Family of U.S. Citizens

This page describes how you (a U.S. citizen) may petition for certain family members to receive either a Green Card, a fiancé(e) visa or a K-3/K-4 visa based on your relationship. (If your relative wishes to naturalize or obtain proof of citizenship, see the Citizenship section of our website.)

Table: Relatives for Whom You May Petition

Type of Relative for Whom You May Petition Immigration Benefit Guidance Related Forms
Green Card (permanent residence) How Do I Help My Relative Become a Permanent Resident? (Guide for U.S. Citizens) (PDF, 688.27 KB)
  • A fiancé(e) residing outside the United States and children of fiancé(e) under 21
Fiancé(e) visa How Do I Help My Fiance(é) Become a Permanent Resident? (PDF, 679.12 KB)
  • Spouse
  • Children of spouse (unmarried and under 21)
K-3/K-4 visa K-3/K-4 visas

Application Process: Green Card (Permanent Residence)

To petition for a family member to receive a Green Card (permanent residence), begin by filing Form I-130, Petition for Alien Relative. This form establishes the family relationship that exists between you and your relative. Sometimes the I-130 can be filed together with an application for permanent residence, officially known as Form I-485, Application to Register Permanent Residence or Adjust Status. This is discussed below.

Which Relatives May I Petition For?

Immediate Relatives Other Family Members
  • Spouses of U.S. citizens
  • Children (unmarried and under 21) of U.S. citizens
  • Parents of U.S. citizens (The petitioning citizen must be 21 or older.)
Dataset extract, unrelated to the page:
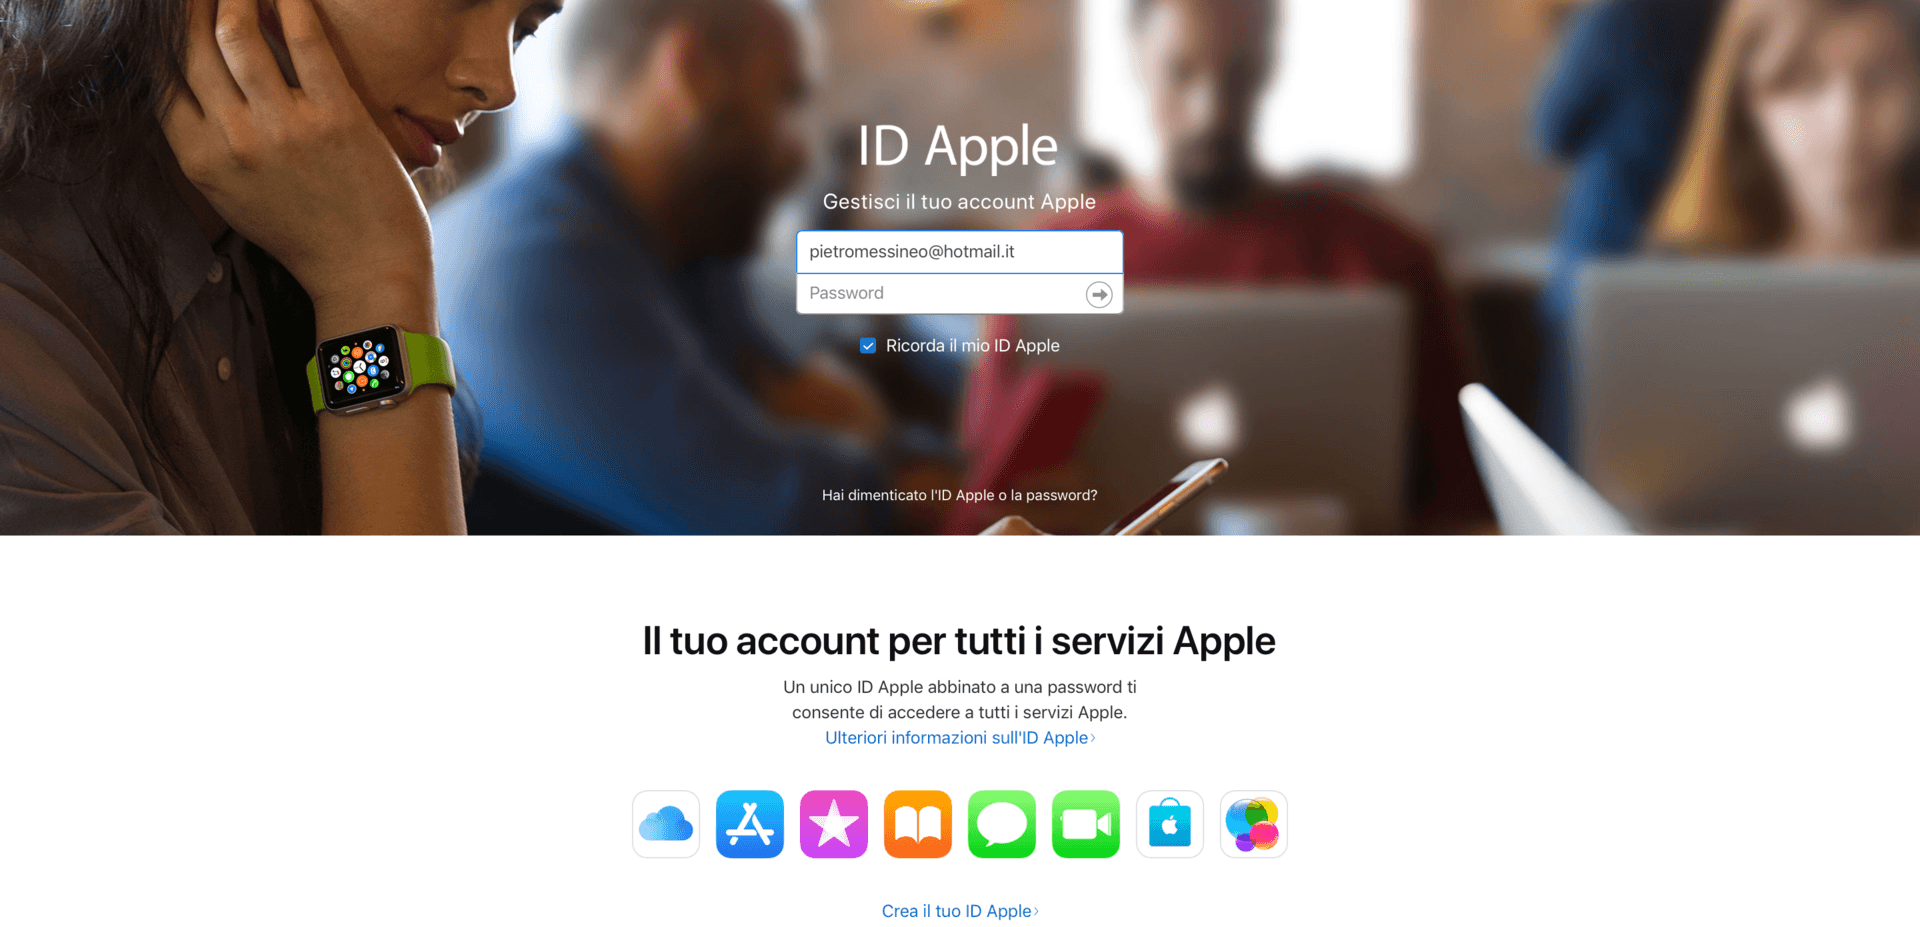 italiamac schermata 2018 03 29 alle 22.05.41 Il sito per la gestione dellID Apple permetterà di scaricare i dati salvati su iCloud

Visas are always available for immediate relatives of U.S. citizens. This means your family member does not need to wait in line for a visa. Immediate relatives who are in the United States can file Form I-485, Application to Register Permanent Residence or Adjust Status at the same time as Form I-130. For more information on how your relative can apply to adjust status (get a Green Card) while they are in the United States, see the How Do I Help My Relative Become a Permanent Resident? (PDF, 688.27 KB) guide.

Preference categories apply to family members who are not immediate relatives. The visas allotted for these categories are subject to annual numerical limits. A visa becomes available to a preference category based on the priority date (the date the Form I-130 was filed). Preference categories are grouped as follows:

  • First preference: Unmarried, adult sons and daughters of U.S. citizens (adult means 21 or older.)
  • Second Preference (2A): Spouses of Green Card holders, unmarried children (under 21) of permanent residents
  • Second Preference (2B): Unmarried adult sons and daughters of permanent residents
  • Third Preference: Married sons and daughters (any age) of U.S. citizens
  • Fourth Preference: Brothers and sisters of adult U.S. citizens

For current wait times, see the USCIS Processing Time Information page on this website and the Visa Bulletin page on the U.S. Department of State website. For more information on priority dates, see the Visa Availability and Priority Dates page.

What Happens Next?

  • If your relative is already in the United States, they may apply to adjust status to become a Green Card holder (lawful permanent resident) after a visa number becomes available using Form I-485.
  • If your relative is outside the United States, your petition will be sent to the National Visa Center (NVC). The NVC will forward your petition to the appropriate U.S. consulate when a visa becomes available and your relative will be notified about how to proceed. This process is referred to as “consular processing.”
  • Your family member’s preference category will determine how long they will have to wait for an immigrant visa number. Once you have filed a petition, you can check its progress the My Case Status page. For visa availability information, see the Visa Bulletin page on the U.S. Department of State website.

For more information on becoming a Green Card holder, see the Adjustment of Status for processing within the United States and Consular Processing page for processing overseas. For more information on Green Cards, see the Green Card section.

NOTE: A visa petition (Form I-130 or Form I-129F) is only used to demonstrate a qualifying relationship. An approved petition DOES NOT grant any benefit, it simply creates a place in line for visa processing.

Members of the Military

If you or a member of your family is in the U.S. military, special conditions may apply. See the Military section of the website.